News: Swiss watch brand Mondaine has unveiled a smartwatch with an analogue face – which it says is the first to combine traditional Swiss watchmaking with connected technologies.

Described as a “horological smartwatch”, the Helevetica No 1 Smart shares most of its design features with Mondaine’s standard Helvetica range, created as an homage to the iconic 1950s Swiss typeface of the same name.

But as well as using a traditional quartz movement to tell the time, the watch includes a built-in activity tracker. A small subdial on the face communicates data in an analogue format using traditional-style hands and markings.



“At first glance its dial bears little resemblance to the blinking LED screens of its competitors of smartwatches; it just looks like a regular Mondaine Helvetica Bold,” explained a statement from Mondaine.

“The clue lies in the subdial at six o’clock. This isn’t a small-seconds or an annual calendar, but an analogue representation of the smart technology that is at the heart of this unique timepiece.”

Mondaine Helvetica Light 38mm in brushed/brown
The analogue version of Mondaine’s Helvetica watch. Top image: The Mondaine Helvetica No 1 Smart with screen images of the MotionX app

Mondaine is best known as the manufacturer of the Swiss railway clock with its famous red ticker. For the No 1 Smart it partnered with Manufacture Movements Technologies (MMT), another Swiss-based company that is focused on developing technology for watches.

MMT is backed by luxury watch company Frederique Constant Group and Fullpower Technologies – a Silicon Valley-based firm that has developed wearable technology for brands including Nike and Jawbone – and has created a smartwatch platform called MotionX.

This combines a range of sensors to track activity with technology for collecting and communicating data, which is then interpreted using an app on the user’s phone or tablet.

MotionX components are built directly into the movement – the engine that usually drives the hands around the watch face and powers any additional features like a calendar window or chronograph.

According to Mondaine, MotionX-powered watches will have a battery life of more than two years, far exceeding most smartwatch designs.

“This is a beautiful Swiss watch that is also connected and smart,” said Andre Bernheim, CEO of Mondaine.

“This is the first-ever Swiss-made horological smartwatch,” he said. “It is a world first and Mondaine is proud to be at the forefront of this new technology, thanks to a collaboration with MMT.”

The prototype design – with a brushed-steel case, white face, sapphire crystal glass cover and a leather strap – will debut in March at Baselworld, the watch industry’s biggest trade event.

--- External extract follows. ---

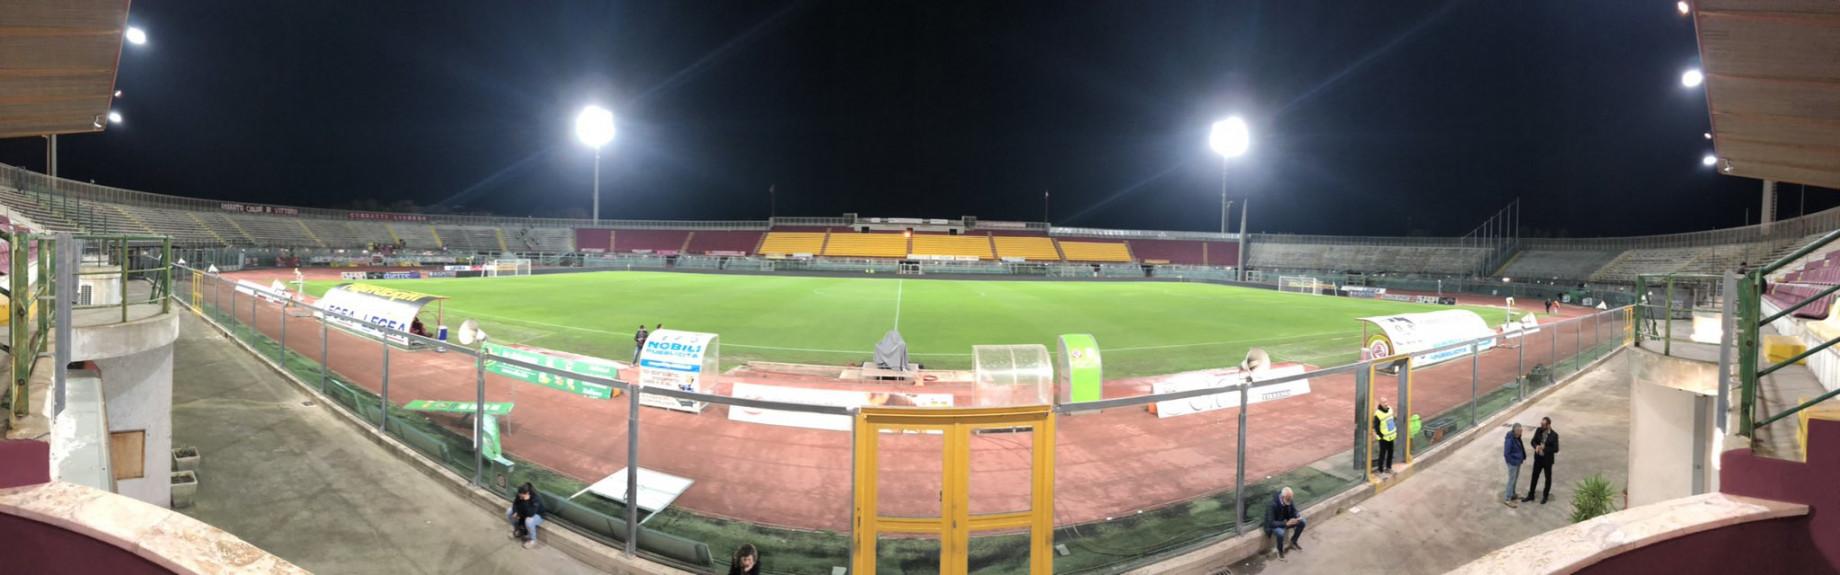 livorno_calcio_picchi.jpg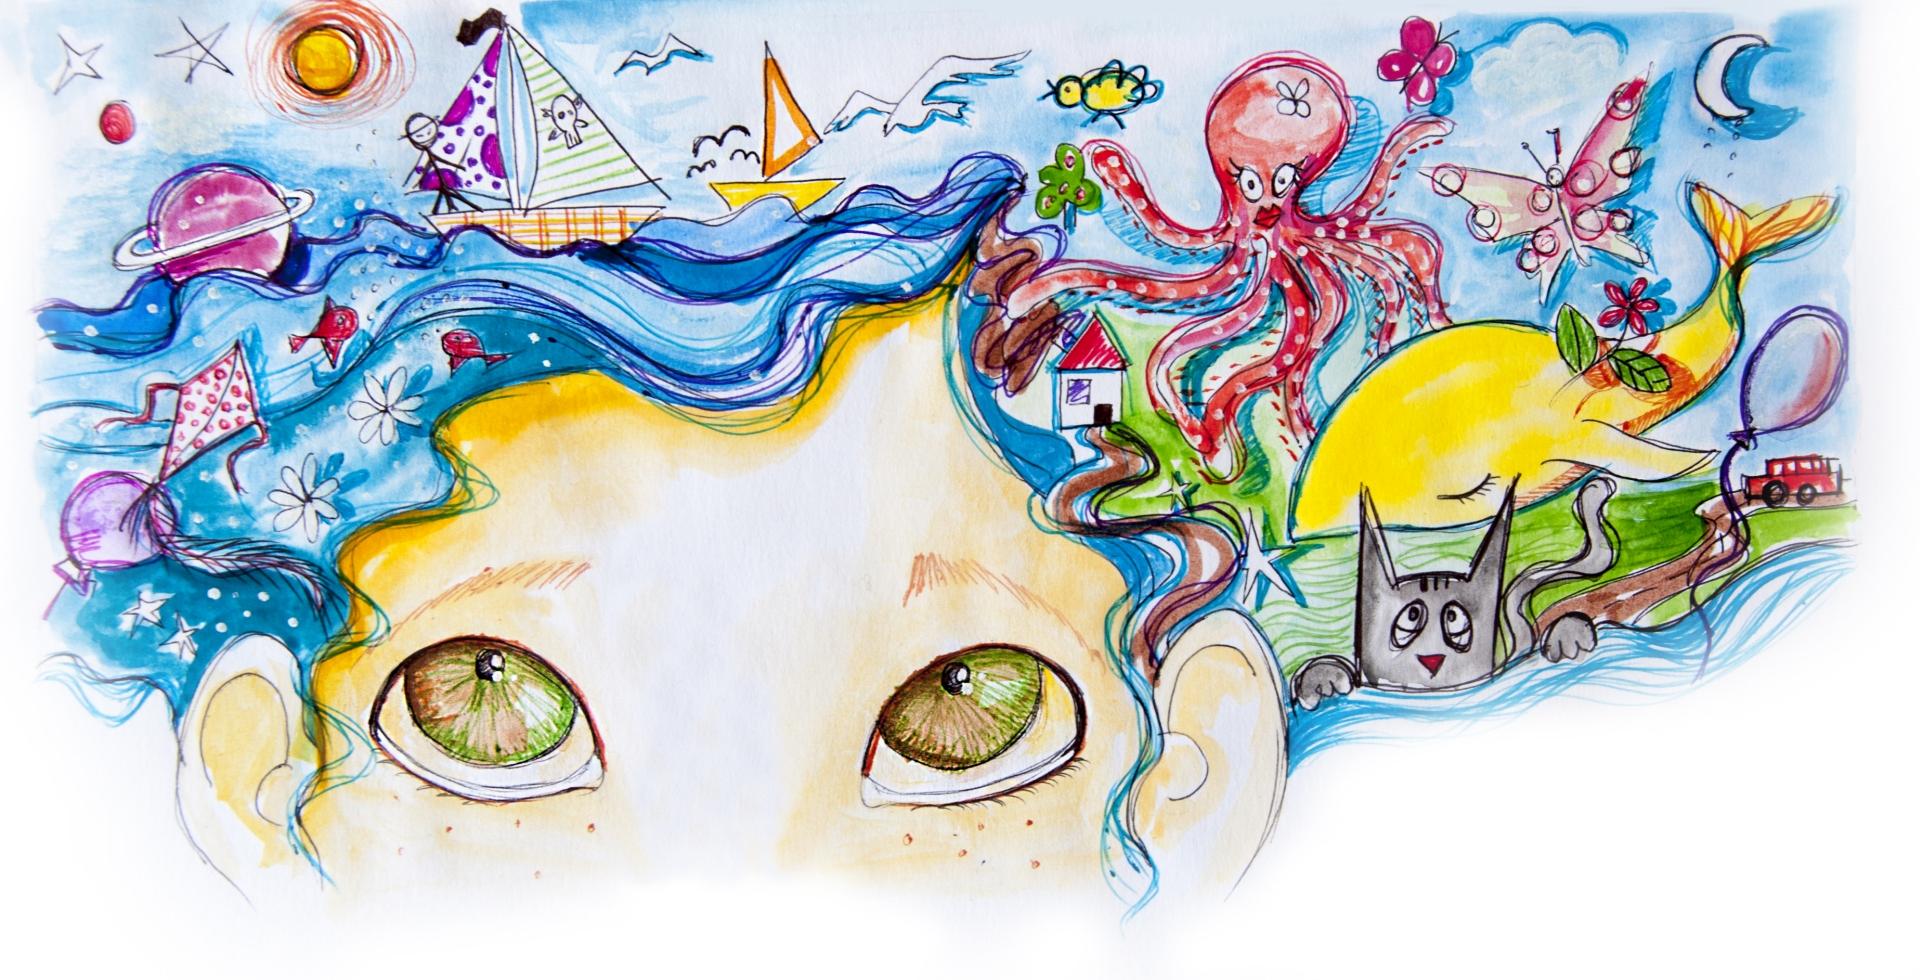 Çocuklarda sıkıntı, yaratıcılığı tetikleyen önemli bir unsurdur

Mondaine expects that it will be available to buy in autumn.

Frederique Constant smartwatch
Prototype Frederique Constant smartwatch powered by MotionX

Only two other watch brands are licensed to use MotionX thus far – Frederique Constant and Alpina. Both of these Geneva-based brands are preparing to release their own designs, with more than 10 styles for men and women due to launch this year. The first will go on sale in June.

Swiss watch brands have been relatively slow to adapt to developments in wearable technology, but the unveiling of the Apple Watch at the end of last year has created additional pressure.

Due to go on sale in April, the device was described as a serious threat to Switzerland’s watch industry by Jonathan Ive, Apple’s senior vice president of industrial design, according to a report in the New York Times.

“According to a designer who works at Apple, Jonathan Ive, Apple’s design chief, in bragging about how cool he thought the iWatch was shaping up to be, gleefully said Switzerland is in trouble — though he chose a much bolder term for ‘trouble’ to express how he thought the watchmaking nation might be in a tough predicament when Apple’s watch comes out,” the article said.

Montblanc became one of the first major Swiss brands to enter the wearable technology market in January, but chose to add a device to its straps instead of turning its analogue timepieces into digital smartwatches.

Earlier this month, electronics firm LG unveiled an updated version of its Google Android-powered G Watch R smartwatch designed to look like a luxury timepiece.